40k and Fantasy are monstrously different as far as metagaming goes. A unit overview "tactica" isn't going to necessarily help-- while some folks are going to disagree with me here, I think every unit in the game is viable in some way, shape, or form; in both casual and competitive environments. 

Skaven, as an army, excel in the movement and shooting phases, I think. The army basically works as a horde of inexpensive, relatively quick infantry backed up by some of the most destructive war machines in the game. 

There are a lot of directions you can take a Skaven army-- the verminous tide, the monstrous army, the plague monk army, the weird science war machine army, or some combination of all those. 

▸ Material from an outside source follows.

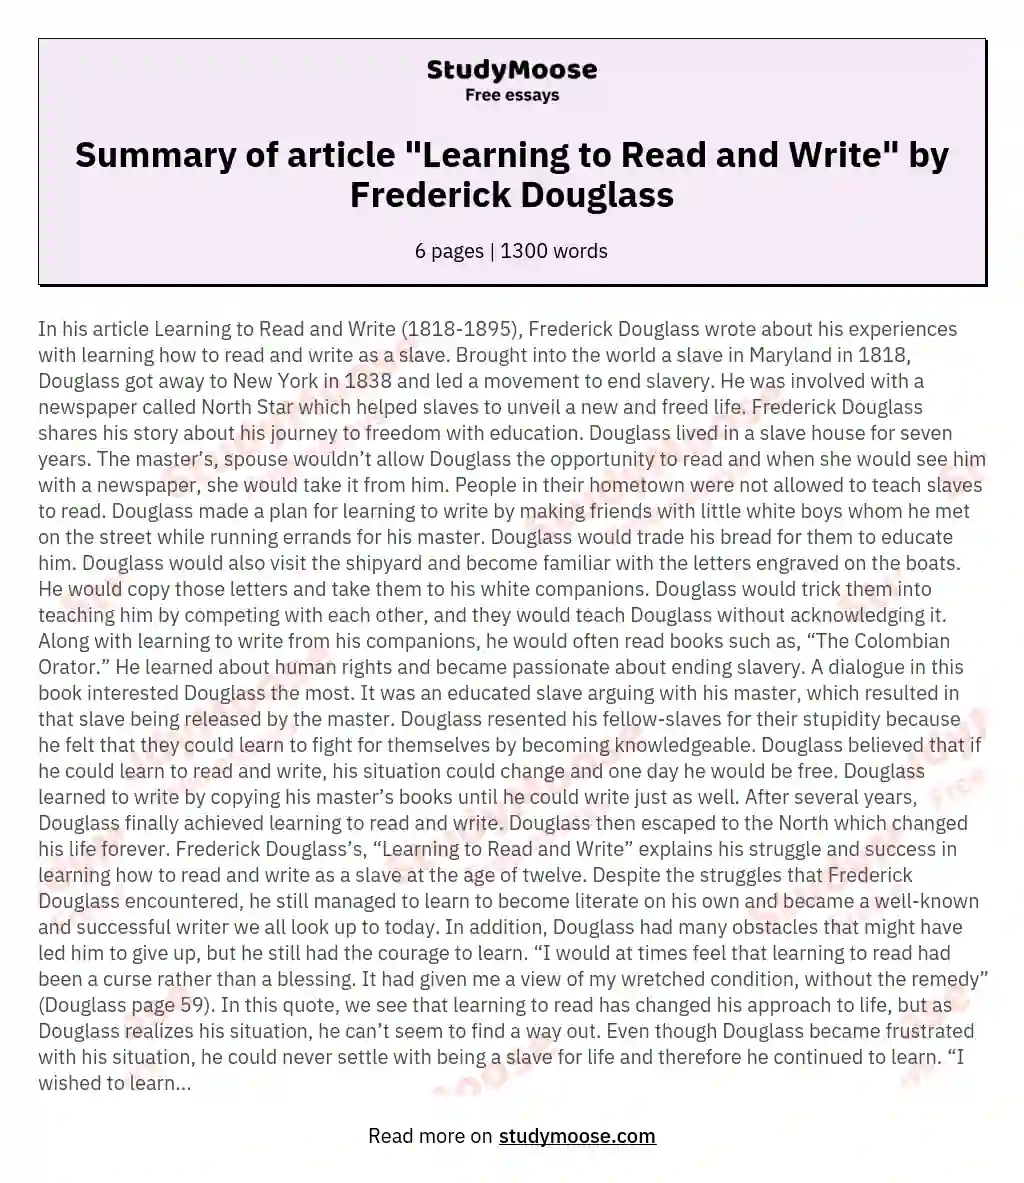 Summary of article "Learning to Read and Write" by Frederick Douglass essay

My experience playing against Skaven has been that Warp Lightning Cannons and Stormvermin are indispensable. The cannons are inexpensive, fairly reliable, and extremely destructive-- a pair of them can seriously deplete elite infantry units in one shooting phase. The cost of a Stormvermin over a regular Clanrat is functionally not that high-- a unit of 40 Stormvermin is 120 points more than a unit of 40 Clanrats, BUT they can be expected to take on significantly more dangerous opponents and come out on top. Halberds, a point of armor, and a point of weapon skill over a Clanrat... yeah. They're good. Combined with a character leading the unit and supporting fire from a warpfire thrower attached to them, warpfire cannons, jezzails, etc; I've found they're awfully hard to stop due to high static combat resolution and actually being capable of inflicting damage.


----------



## stalarious (Aug 25, 2011)

ok I can see that i think my favorite model at the moment is either the doomwheel or the screaming bell both seem really destructive when they wanna work in your favor......at least as far as i can tell.


----------



## Masked Jackal (Dec 16, 2009)

While I disagree with Horus's assertion that all units are viable to an extent, Skaven really ring true for this. They're fluffy, and very powerful, so there's not much room to go wrong with them. The usual rule is, more models, more magic, more shooting, from my experience with Skaven.


----------



## olderplayer (Dec 11, 2009)

I thought I'd post in response kind of an outline of what is being played and what to focus on when collecting a skaven army. A lot of players do not like Stormvermin and prefer large steadfast blocks of clan rats and/or slaves supported by a leadership bubble. 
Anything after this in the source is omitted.